Click the button Execute at the top
Progress updates will show in the bottom right corner
Click on History at the top
Check for your plan name and see the result summary
Click on Report on the right side to see more details of what was executed

It should look something like this.

{
    "customer_direct_debit_initiation_v11": {
        "group_header": {
            "message_identification": "MSG001",
            "creation_date_time": "2024-03-15T10:30:45Z",
            "number_of_transactions": 1,
            "control_sum": 100.50,
            "initiating_party": {
                "name": "ACME Corp"
            }
        },
        "payment_information": {
            "payment_information_identification": "PMT001",
            "payment_method": "DD",
            "batch_booking": true,
            "direct_debit_transaction_information": {
                "payment_identification": {
                    "end_to_end_identification": "TXN001"
                },
                "instructed_amount": {
                    "value": 100.50,
                    "currency": "EUR"
                }
            }
        }
    }
}

Congratulations!
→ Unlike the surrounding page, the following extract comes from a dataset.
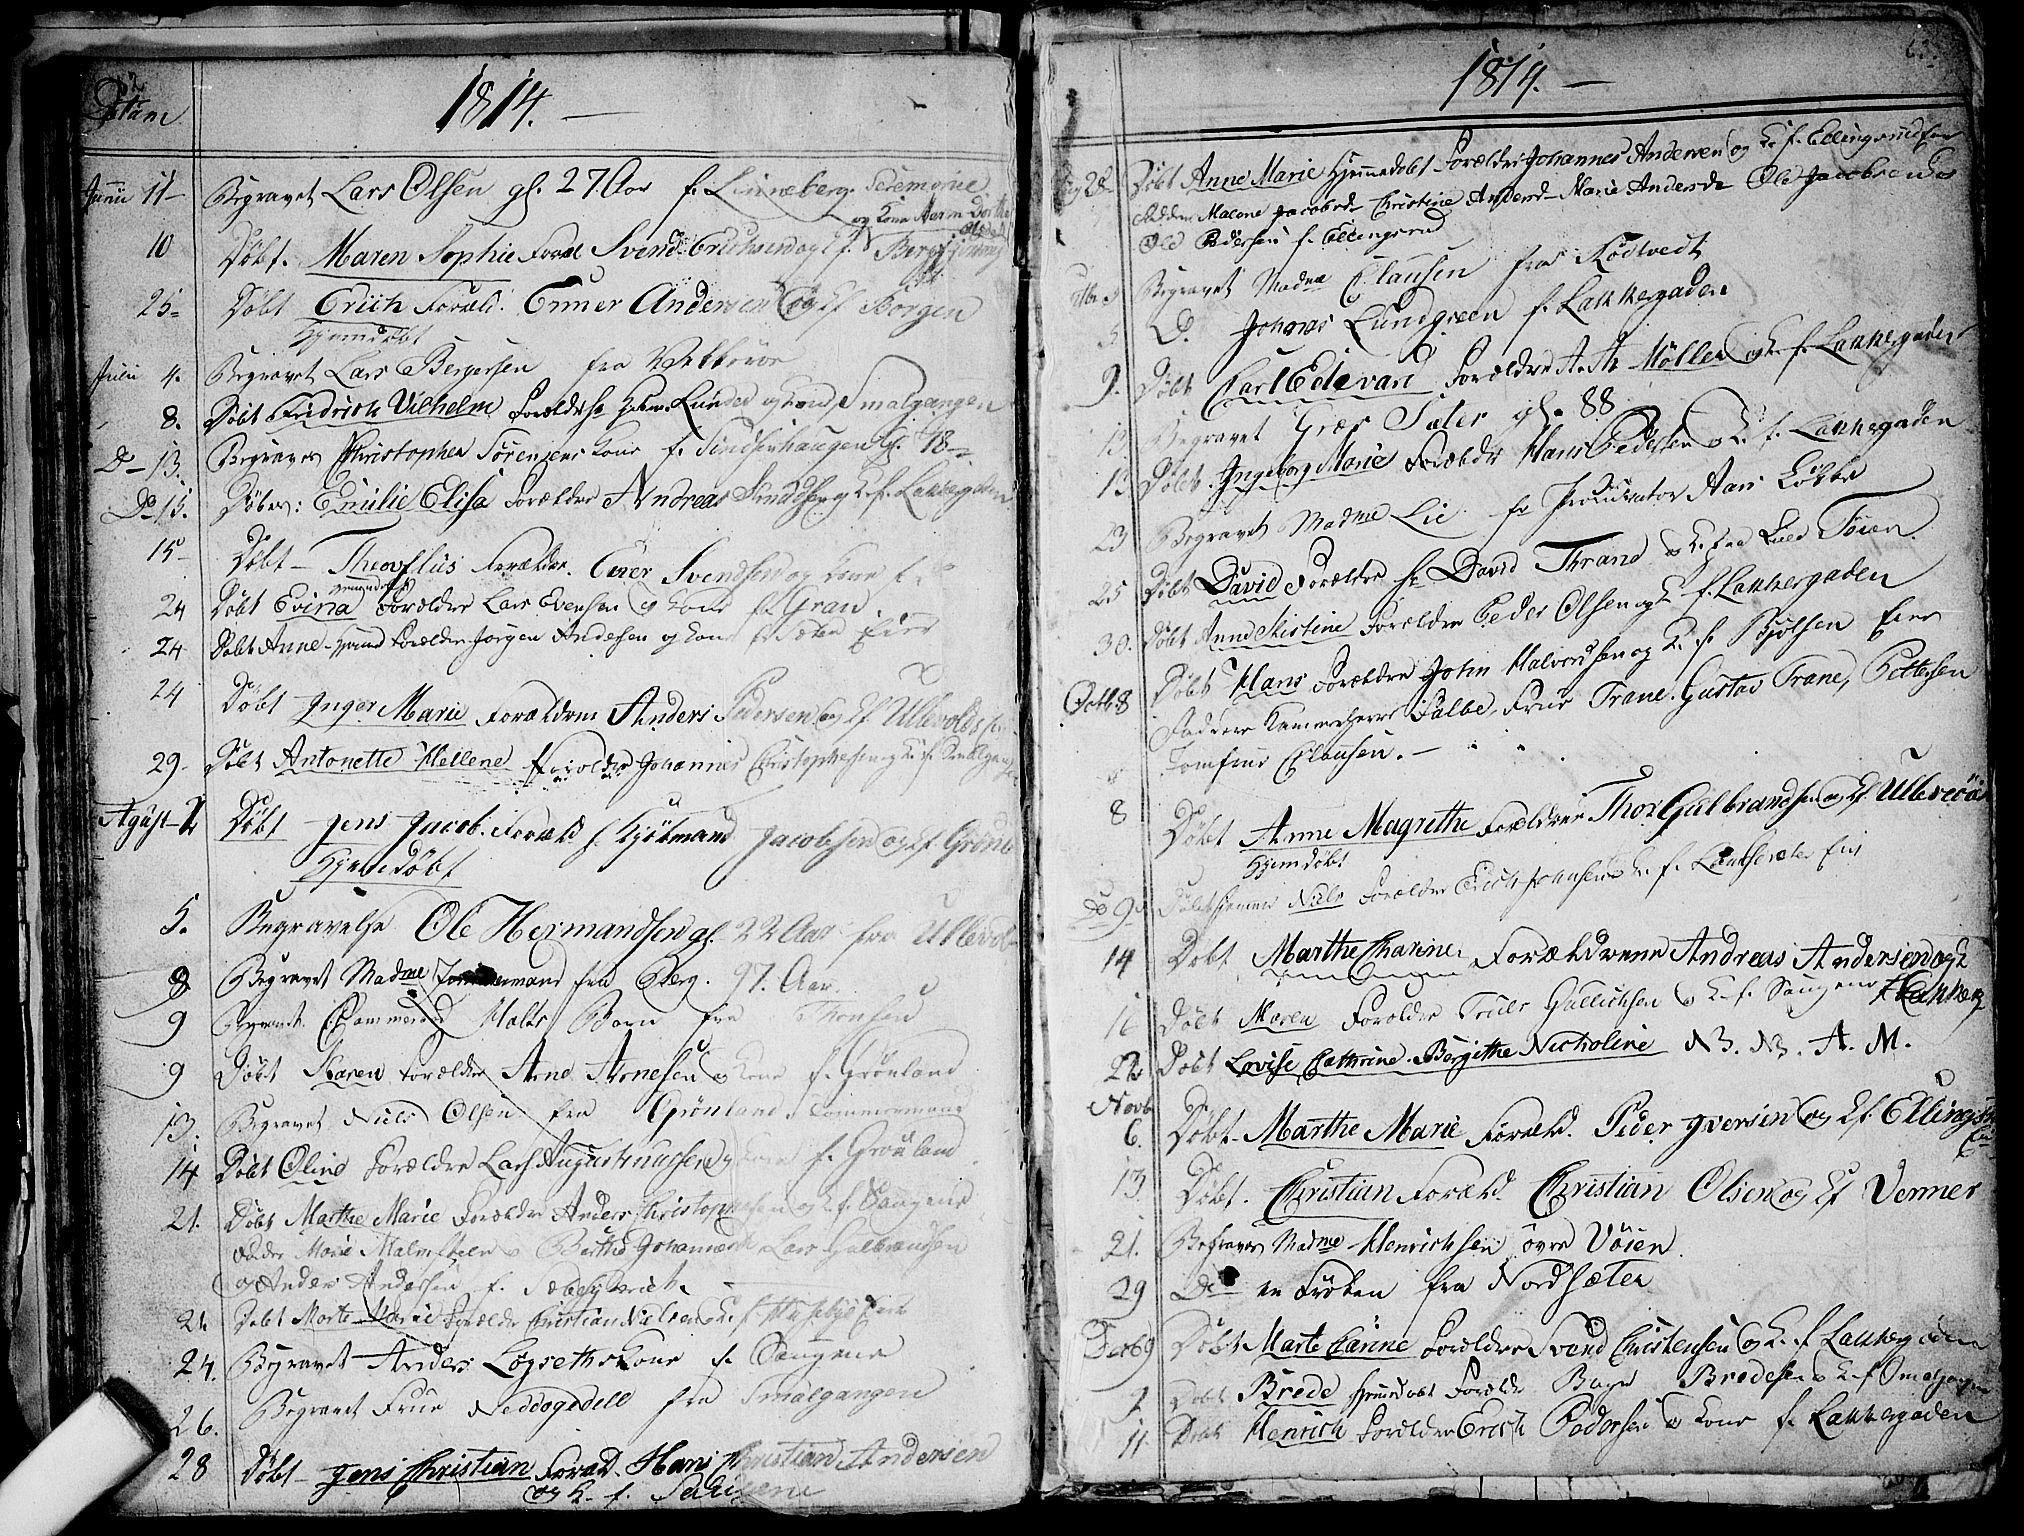 SAO, Aker prestekontor kirkebøker, G/L0001: Klokkerbok nr. 1, 1796-1826, s. 62-63

You have now made a data generator that uses JSON Schema as a metadata source to generate realistic test data following your schema specifications.

Complex Schema Support

JSON Schema metadata source supports various JSON Schema features:

Data Types

String: Generates random strings with optional length constraints
Number/Integer: Generates numeric values within specified ranges
Boolean: Generates true/false values
Array: Generates arrays with configurable item types and sizes
Object: Generates nested objects with all defined properties

Constraints

enum: Selects from predefined values
pattern: Generates strings matching regex patterns
minimum/maximum: Numeric range constraints
minLength/maxLength: String length constraints
format: Built-in formats like date-time, email, uri, etc.

Nested Structures

Complex nested objects and arrays are fully supported, allowing you to generate data that matches sophisticated JSON Schema definitions.

Validation

If you want to validate data against a JSON Schema, you can use the generated data with validation frameworks or tools that support JSON Schema validation.

The JSON Schema metadata source in Data Caterer focuses on data generation based on the schema structure, ensuring that the generated data conforms to the defined schema constraints and types.